Distance between two manifolds, topological phase transitions and scaling laws
ZhaoXiang Fang, Ming Gong, Guang-Can Guo, Yongxu Fu, Long Xiong

TL;DR
This paper introduces a universal manifold distance measure based on fidelity and trace distance to analyze topological phase transitions, applicable across various models and revealing critical behaviors.
Contribution
It proposes a novel, model-independent topological invariant using quantum information concepts that captures phase transitions without relying on geometric phases.
Findings
Distance and derivatives smoothly transition for identical manifolds.
Higher-order derivatives diverge near critical points.

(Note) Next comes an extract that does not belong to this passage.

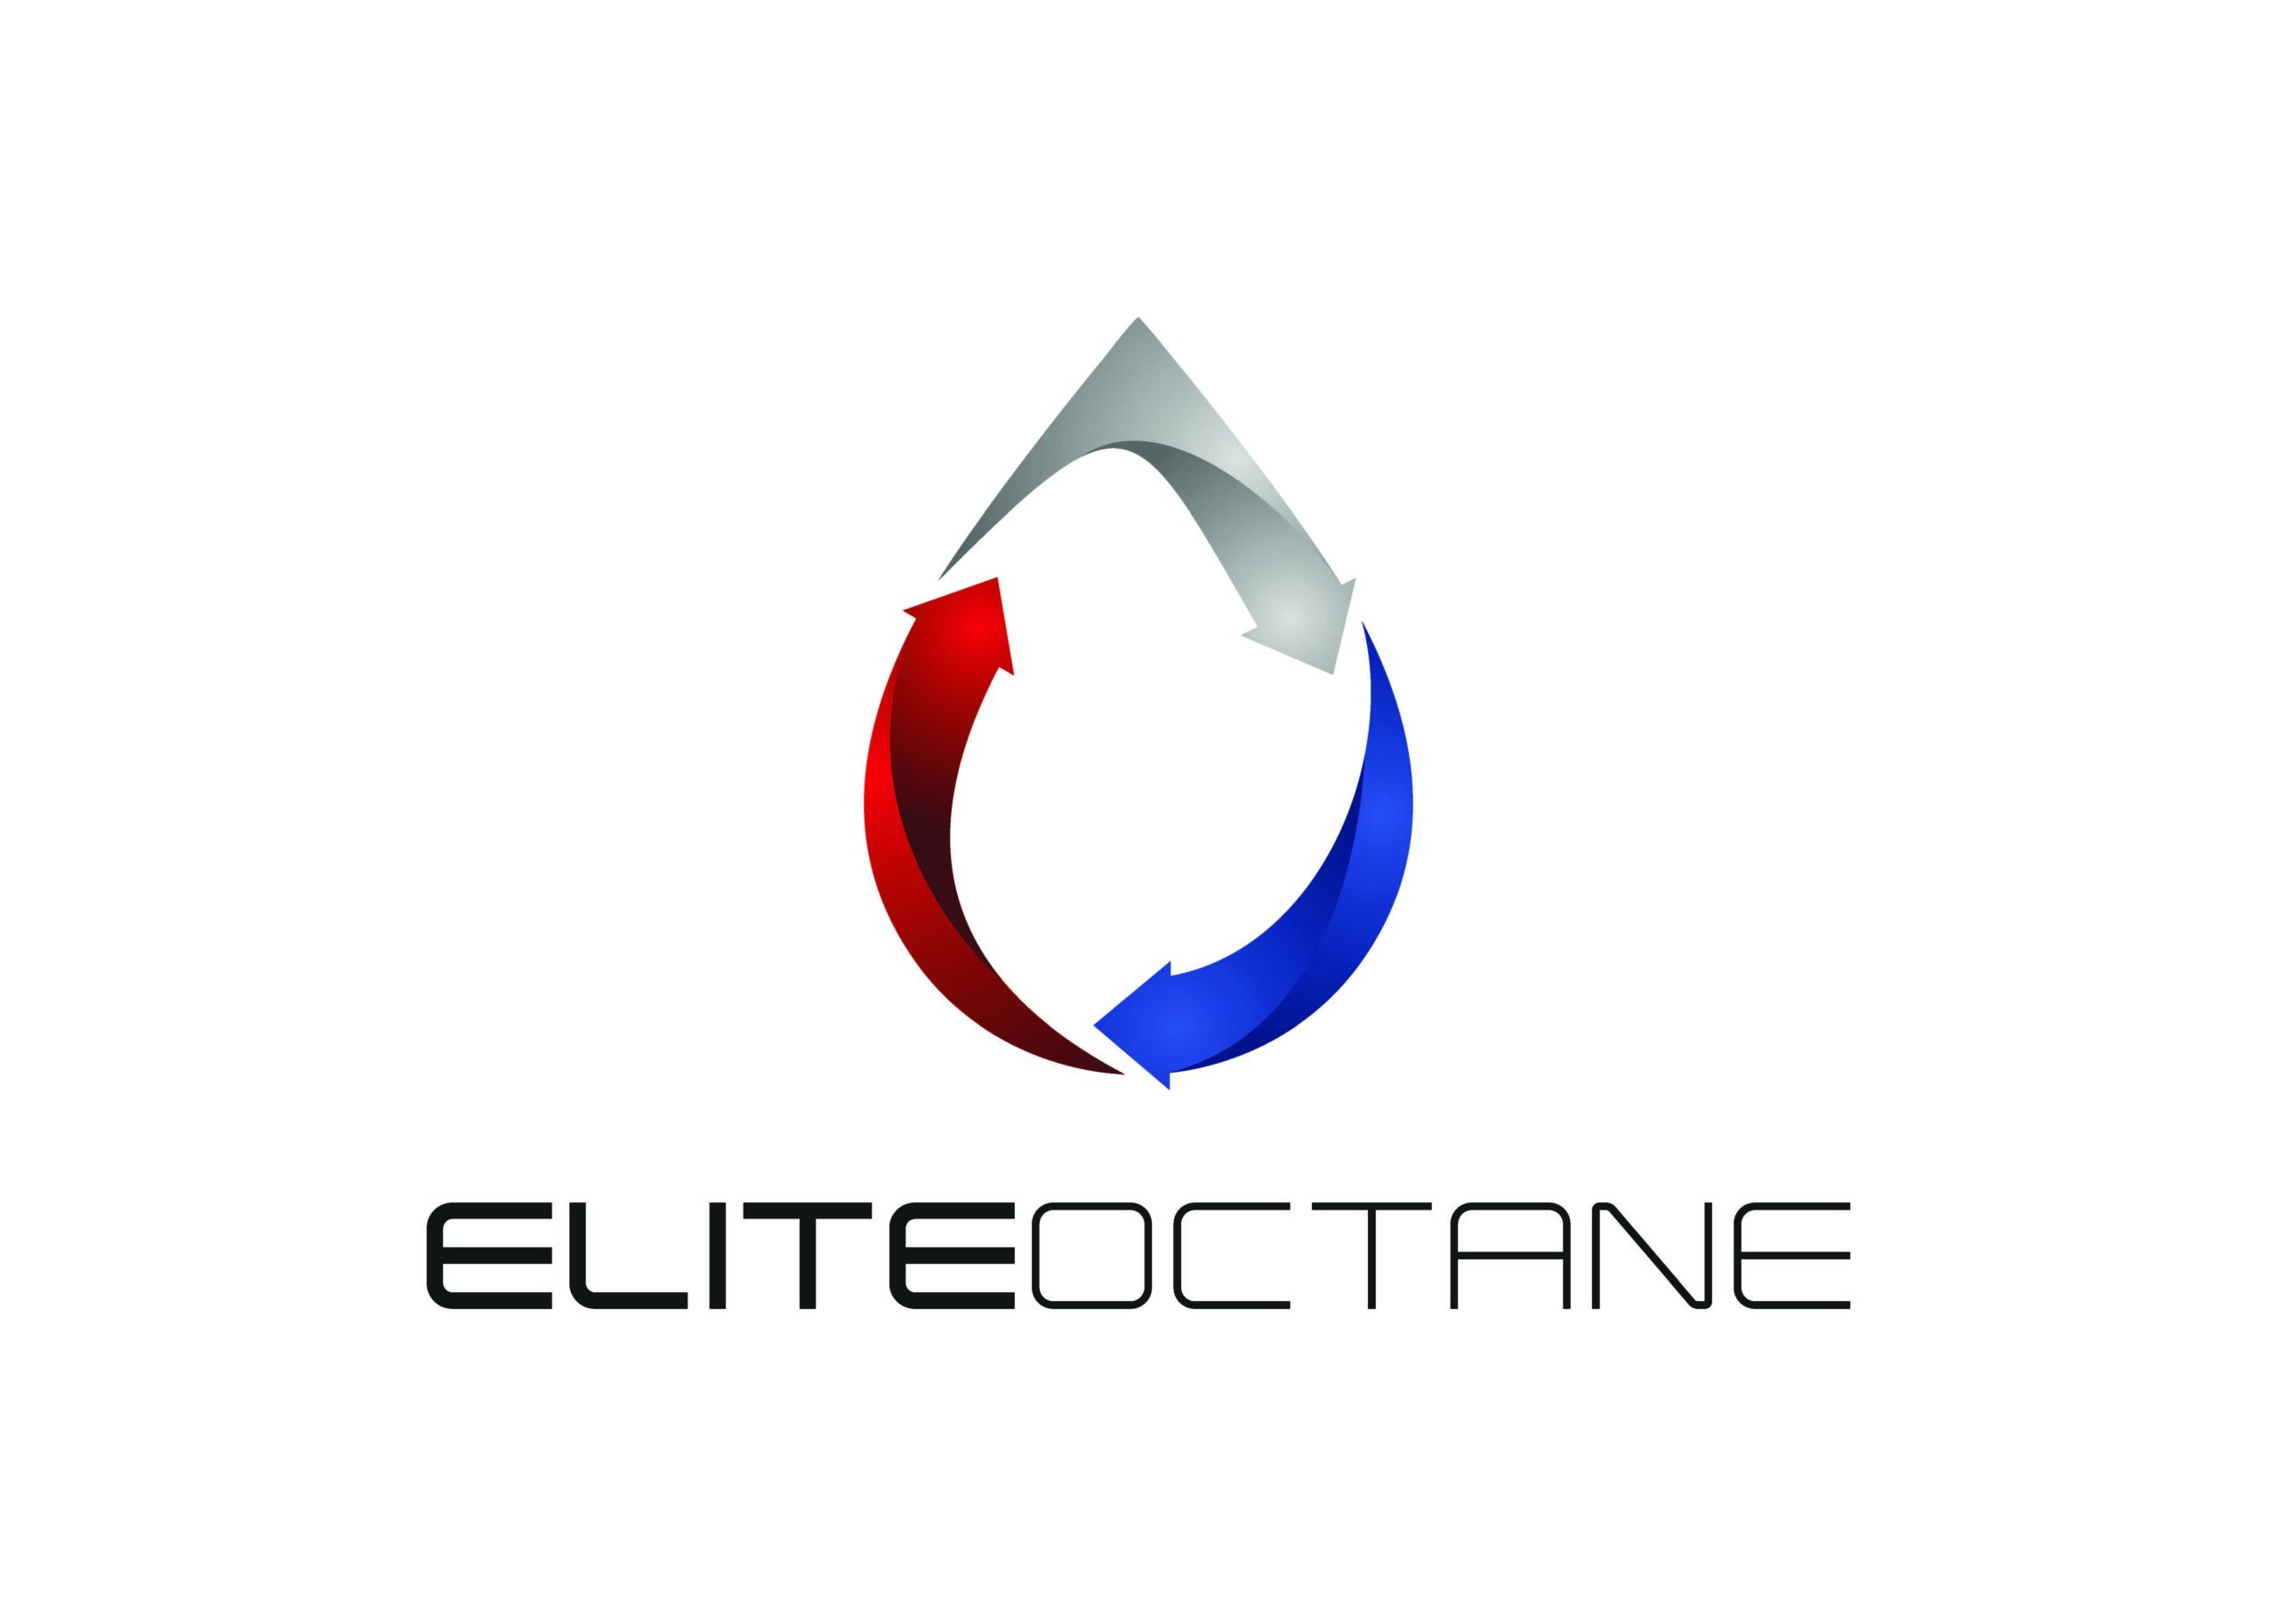 Elite Octante joined Growth Energy.

Method applicable to diverse topological systems.
Abstract
Topological phases are generally characterized by topological invariants denoted by integer numbers. However, different topological systems often require different topological invariants to measure, such as geometric phases, topological orders, winding numbers, etc. Moreover, geometric phases and its associated definitions usually fail at critical points. Therefore, it's challenging to predict what would occur during the transformation between two different topological phases. To address these issues, in this work, we propose a general definition based on fidelity and trace distance from quantum information theory: manifold distance. This definition does not rely on the berry connection of the manifolds but rather on the information of the two manifolds - their ground state wave functions. Thus, it can measure different topological systems (including traditional band topology models,…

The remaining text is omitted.